Tatiana Nguya : nous avons suivi les deux parties, celle du docteur Huguette et le comité des médecins de l’hôpital qui a rejeté ses allégations. Les avis sont partagés comme dans tout dossier juridique. Que la justice fasse son travail. Nous encourageons les politiques à s’abstenir d’interférer dans les différents dossiers judiciaires. La justice doit jouir de son indépendance. Nous souhaitons également que règne un climat de respect mutuel de compréhension et d’entente.
Cet événement pose également des interrogations sur la sous-traitance dans différentes entreprises privées en RDC. Au Katanga justement, faîtes-vous également face à de telles situations ? Que faudrait-il faire pour résoudre définitivement ce problème ?
Tatiana Nguya : lorsqu’on parle sous-traitance, c’est le gouvernement qui doit mettre en place tous les mécanismes pour protéger sa population. Lorsque le congolais va à l’étranger, il trouve des lois bien établies et il se montre respectueux mais, dès l’instant où il enfreint l’une d’elles, il est sanctionné. Est-ce également le cas en RDC ? Est-ce que le congolais connait ses droits ? Est-ce que les employeurs savent ce que dit la loi ? Il y a une loi sur la sous-traitance, qui a connu suffisamment des modifications, est-elle vulgarisée ? C’est la connaissance des textes des lois qui remet chacun à sa place. Nous ne devrions pas traiter les conséquences mais plutôt la cause : la connaissance des textes de loi.
En quelques mots, qui est Tatiana Nguya ?
Tatiana Nguya : je suis une femme à plusieurs casquettes ; ingénieure informaticienne de profession, activiste sociale, défenseure des droits des jeunes et des femmes, co-fondatrice de l’ONG Le congrès international congolais, coordonnatrice de la section entrepreneuriat et développement communautaire, à la tête de Kwetu Business Corporate, une entreprise spécialisée en Construction et Sous-traitance. Je suis mariée à Monsieur Trésor Kabale.

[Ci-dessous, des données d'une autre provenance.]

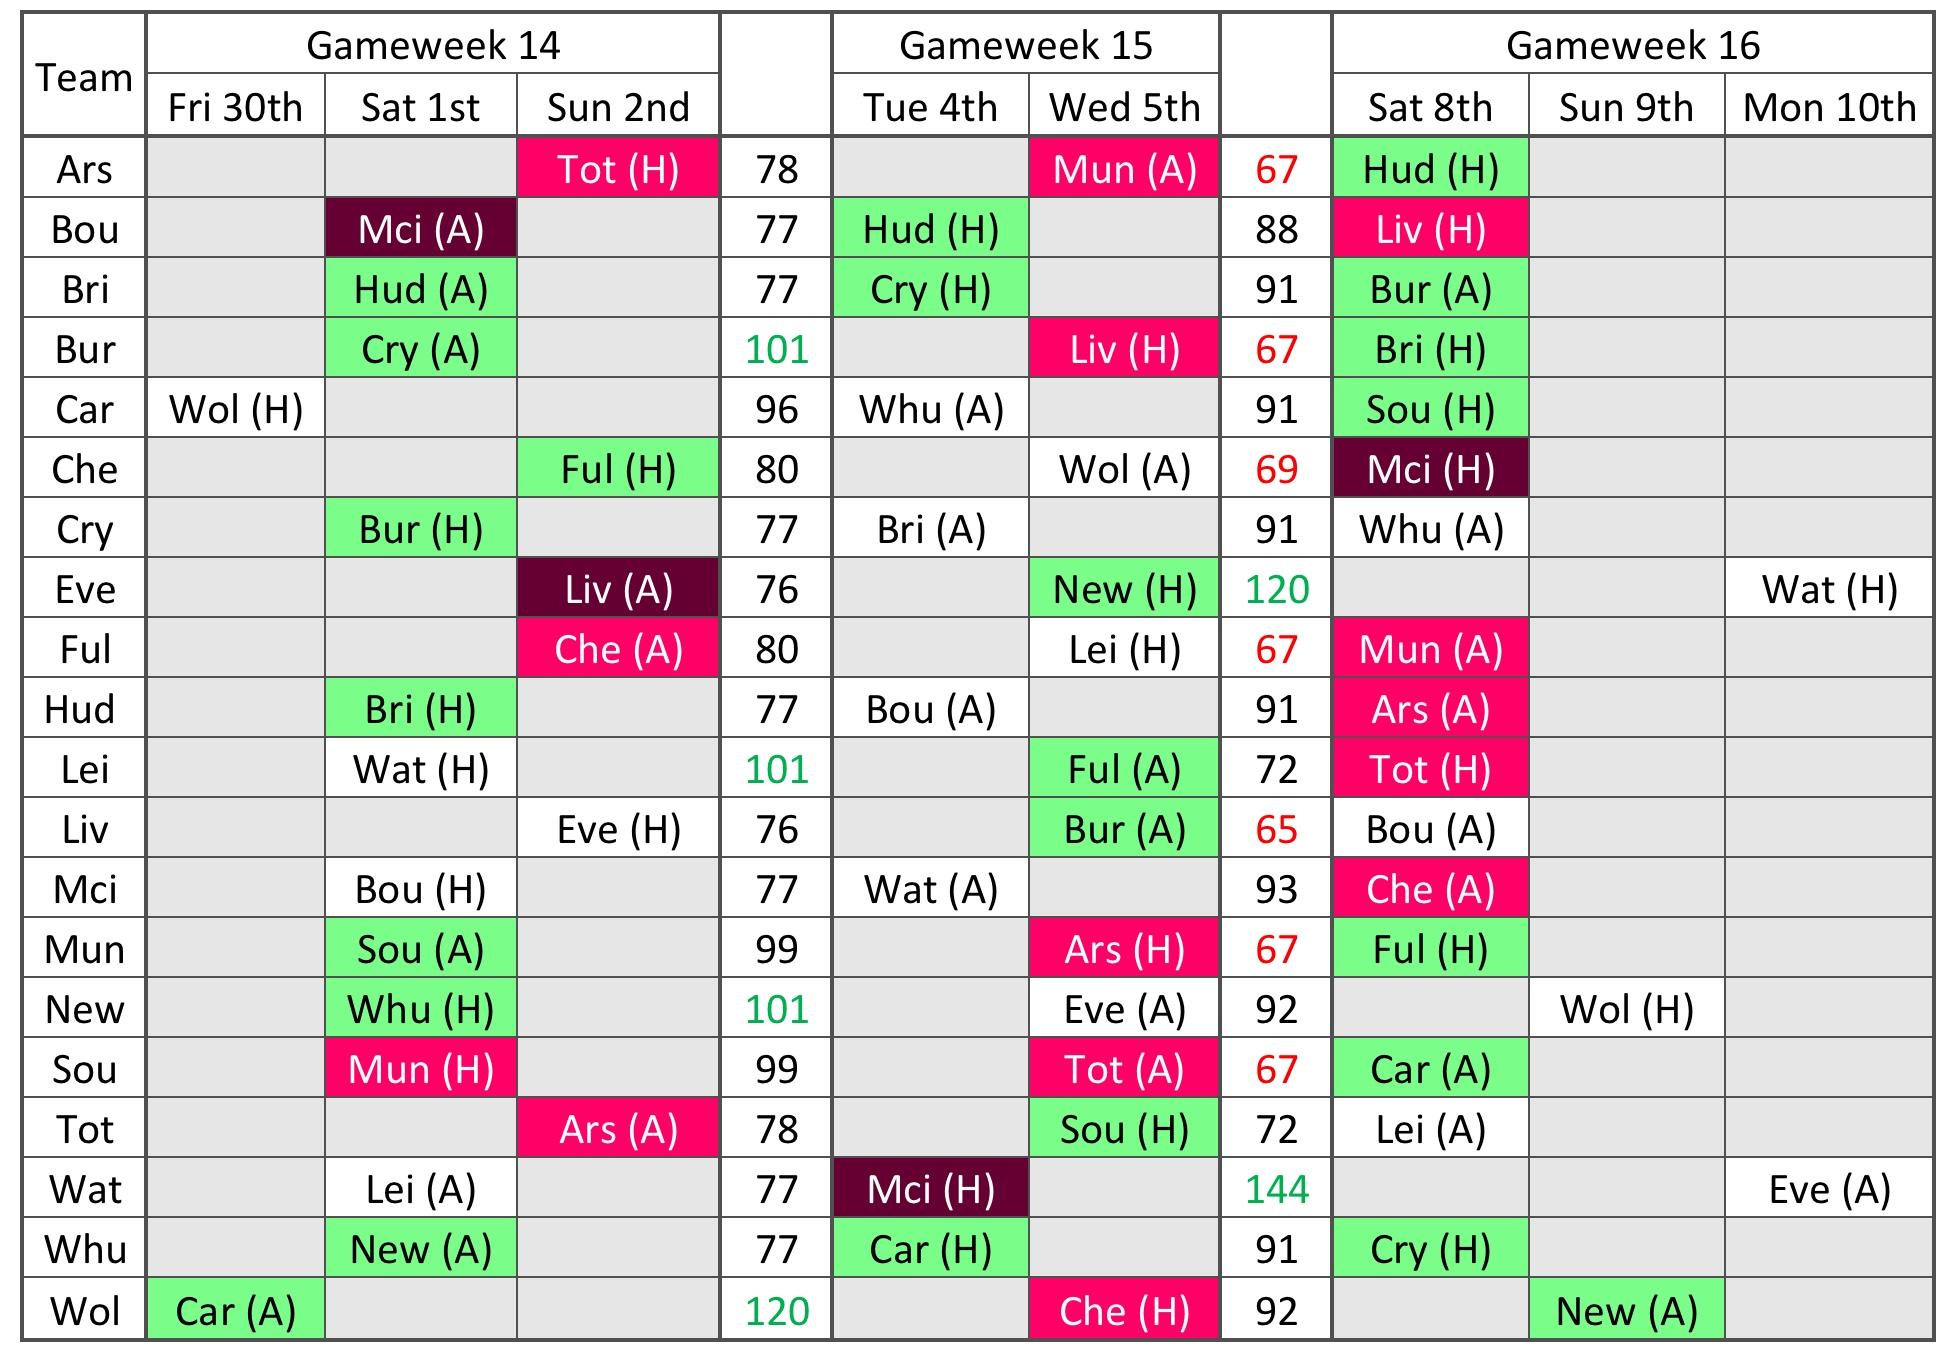 Gameweek 14 16
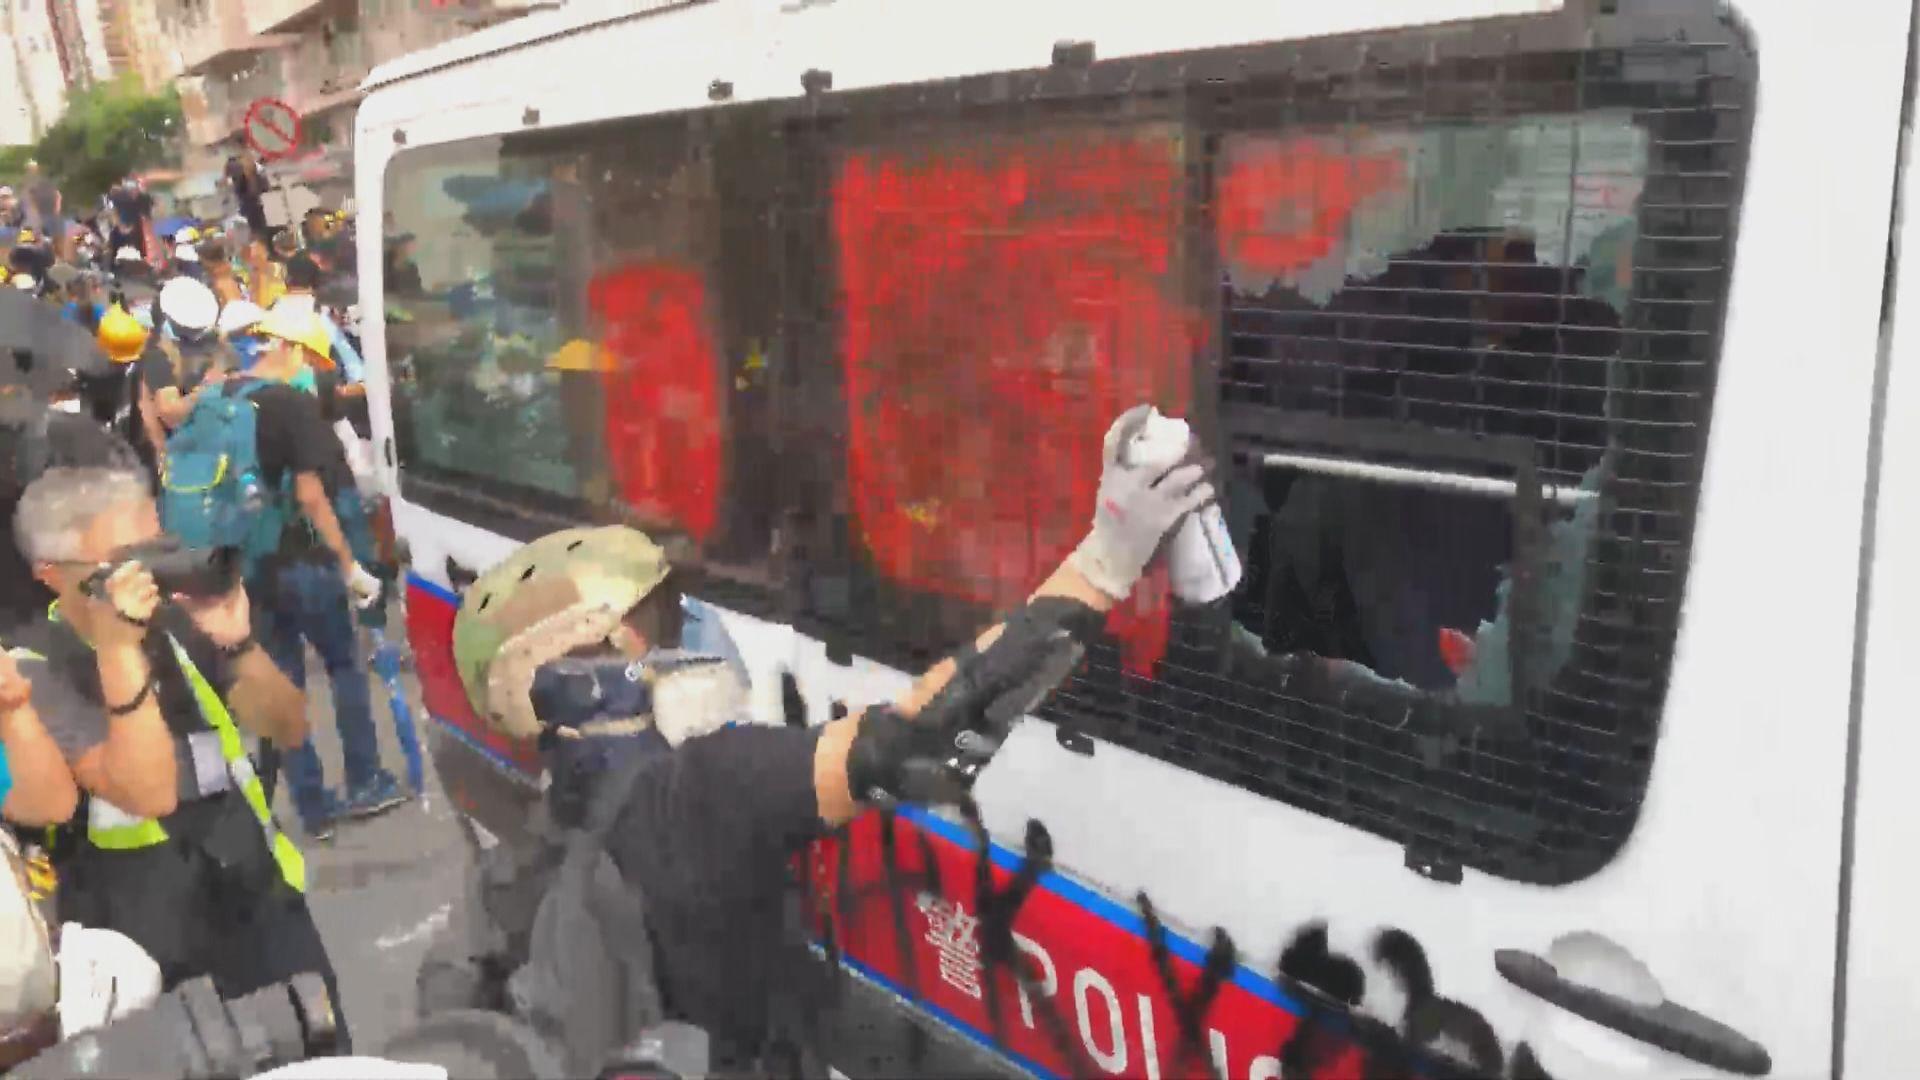 建制派聯署譴責元朗示威者使用暴力 何君堯謝偉俊及田北辰未有參與

Vous aviez postulé pour représenter la société civile, organisations des femmes à la CENI. Où en êtes vous avec les démarches ?
Tatiana Nguya : exactement, j’avais postulé. Actuellement les dossiers sont au niveau du parlement. Nous sommes confiants que les parlementaires vont analyser tous les CV envoyés. J’étais deuxième dans une liste d’une dizaine des candidats et la plus jeune.